Area sees gang crime
- Devlyn Brooks

- Jun 15, 2022
- 3 min read
I first started at the Bemidji (Minn.) Pioneer as an intern in the summer of 1996. That would begin six years as a news reporter, sports reporter and copy editor for a small, six-day-per-week daily newspaper in northern Minnesota. I wrote a large range of stories from multiple beats, to features to sports, my favorite being the coverage of the Red Lake Reservation High School basketball team named the Warriors. Here is a collection of my stories from my time at the Pioneer.

May 15, 1997
By Devlyn Brooks
Staff Writer
Contrary to what some people in Bemidji may want to believe, there is a problem with gang-related activity here, a Bemidji police officer told a crowd of mostly American Indian parents at the Middle School Wednesday night.

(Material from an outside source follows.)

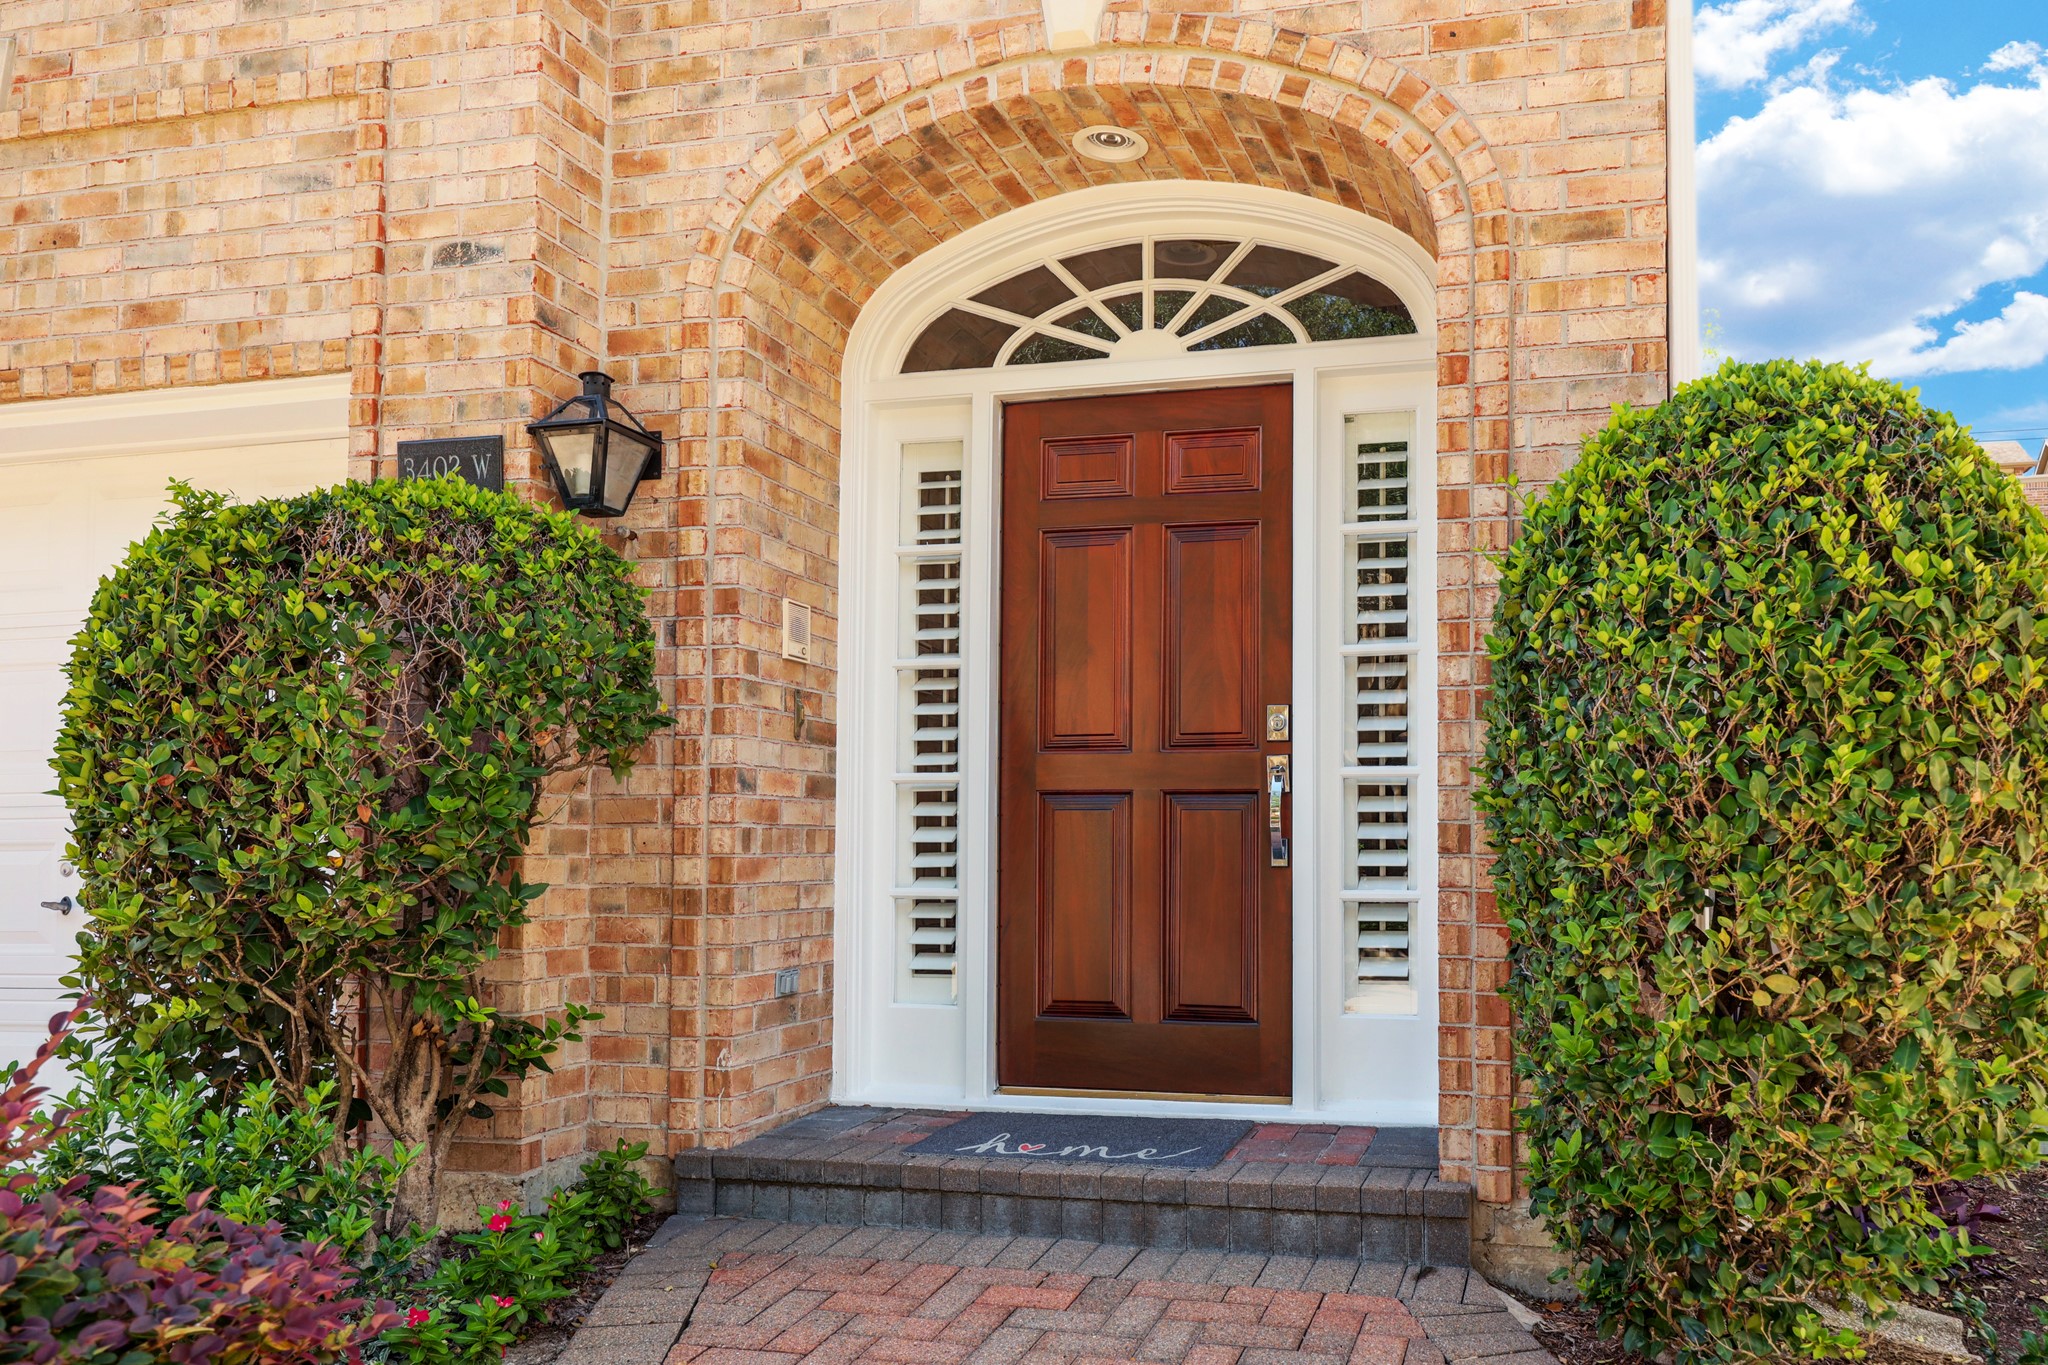 The freshly painted and attractive front door and surround are flanked by beds with shrubs and flowers.

"The biggest battle is to get people to take (gang-related activity) seriously here," said Bemidji Police Officer Michael Haines at a "Parents for Non-Violence" session sponsored by the Bemidji Indian Education Program. "We need to take it seriously."
The 3 1/2 hour feast and session consisted of four panel discussions involving Minneapolis police officers, local county and city law enforcement officers, local Indian high school students and local Indian cultural leaders. It was funded by the Beltrami County Family Services Collaborative.
According to Haines, enforcement against gang activity in Bemidji is a recent movement, but it has to be taken more serious soon because the activity is escalating.
In the last year in Bemidji, there have been two car-jackings -- one at knifepoint and one at gunpoint -- shootings and even a discovery by the Police Department of a crack house operation, and all of these crimes are believed to be gang related, Haines said.
In addition, he said there have been two known gang members who have been arrested for various crimes in the Bemidji area, but both arrests were incidents of luck.
The first was put away on criminal sexual charges because he was having sex with local teen-age girls who were being initiated into a gang. It is known as being "loved" into the gang, Haines said. The second gang member was arrested for allegedly operating a "crack house" on Irvine Avenue, but the police were only able to arrest him after investigating the house after a freak shooting incident.
"That's here in Bemidji. It's here. ... It's here," he said. "We can't put the blinders on any more. We've got (gang activity). And there's a snowball effect in town."
Haines said in the last six months, the Police Department has begun to track youths involved in gang activity, but as for gang prevention activities, there are none yet.
Terri Gunsalus, the recently appointed school liaison officer for the Beltrami County Sheriff's Department, said her office has not been able to identify gang activity in the rural parts of the county as easy as in Bemidji. But she said she does believe it is happening.
"I'm happy with this area. We have a lot of criminal behavior (occurring), but it's not as bad as it is in the Twin Cities," she said. "But I'm still scared of it, and I don't want it here."
When Gunsalus begins her new position as school liaison officer this fall, she said the only way to curb gang activity is for students to tell authorities about gang behavior. Otherwise, the Sheriff's Office will not be able to do a thing about it.
After the presentation by the panels, the parents were also asked to sign an "absolutely no tolerance" petition toward gang behavior in the school district, and the session's facilitator, Jim Brown, announced he also will ask governing bodies at the county, city and school district level to ratify the petition.